When last we left off, I was locked in the Albany Rural Cemetery, and here is what I was wearing.
Without a change of clothes or a cel phone (in 2005 I didn’t even own a cel phone yet because I hated them so much) I had a moment of panic. Looking at the caretaker’s house to my left, I leaned hard on the horn, desperate for someone to save me. There was movement in the window, and then a muffled shout of anger: “If you want to get out, you can come up to the house and ask me to unlock the gate in person!”
Oh for fuck’s sake.
My hair was a mess from having been stuffed in a blonde wig and fake fur hat. My make-up, a clown-show to begin with, was a dismal visage. With only a tissue or two in the car, I tried to wipe as much off as I could, but when you have this much on there’s not much that’s going to come off with a dry tissue. There wasn’t much I could do about the rest of the ensemble – unless I took it all off on this winter afternoon.
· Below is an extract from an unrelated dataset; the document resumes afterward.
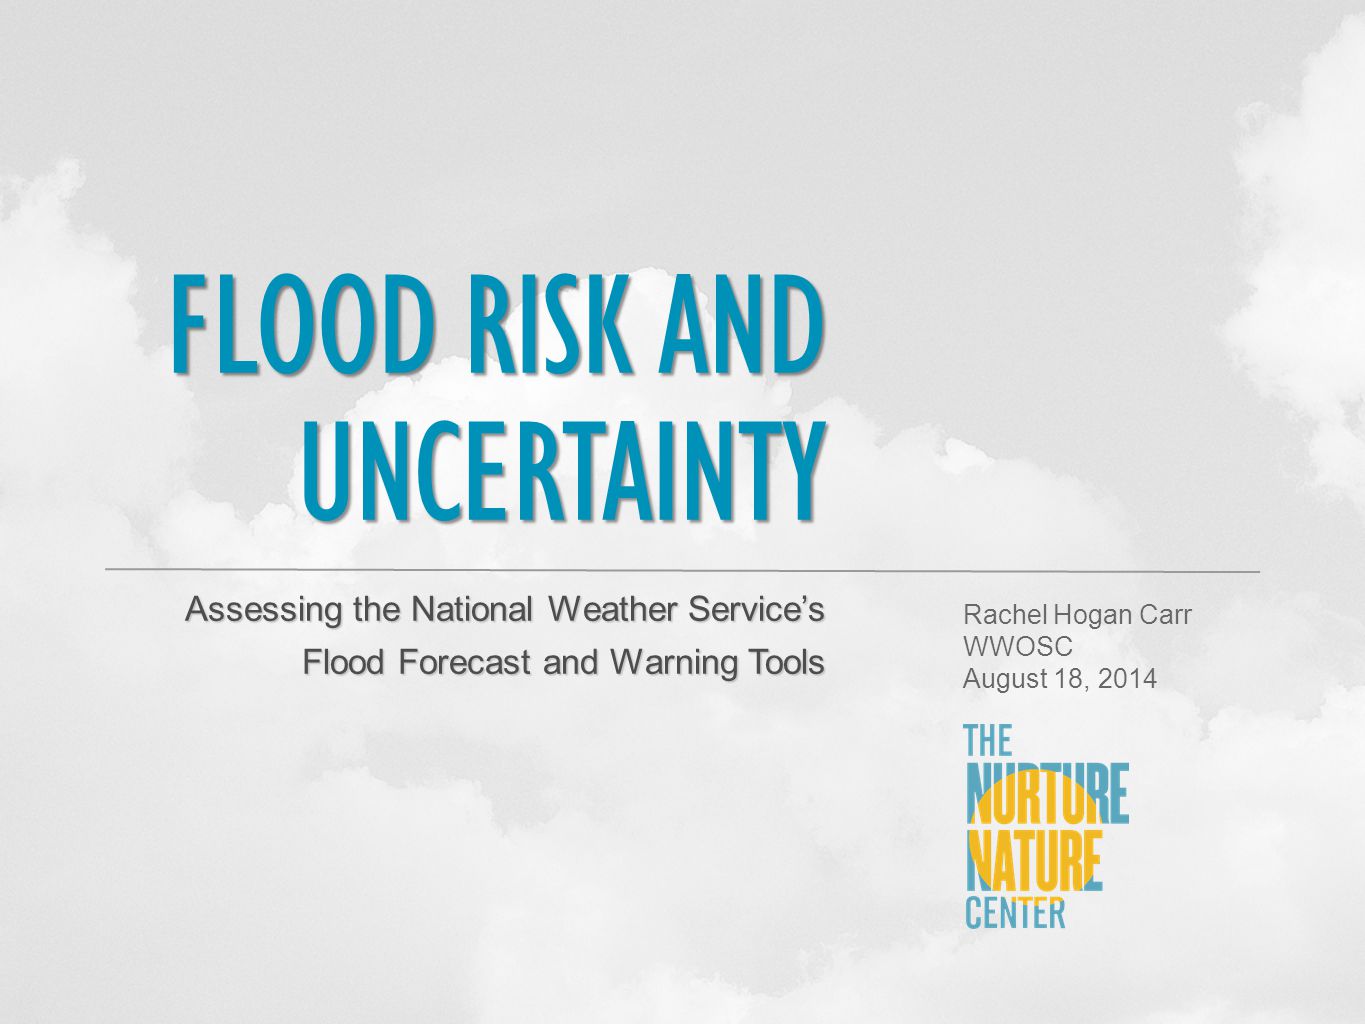 FLOOD RISK AND UNCERTAINTY Assessing the National Weather Service’s Flood Forecast and Warning Tools Rachel Hogan Carr WWOSC August 18, 2014

Backing the car up, I made one last plea with the universe and waited to see if some Good Samaritan might come out, but Good Samaritans just don’t play a part in my life. Never have and never will. I took a deep breath, channeled my annoyance into fight mode in the event that I needed to argue my way out of the cemetery, and approached the door of the house. I knocked and heard movement inside.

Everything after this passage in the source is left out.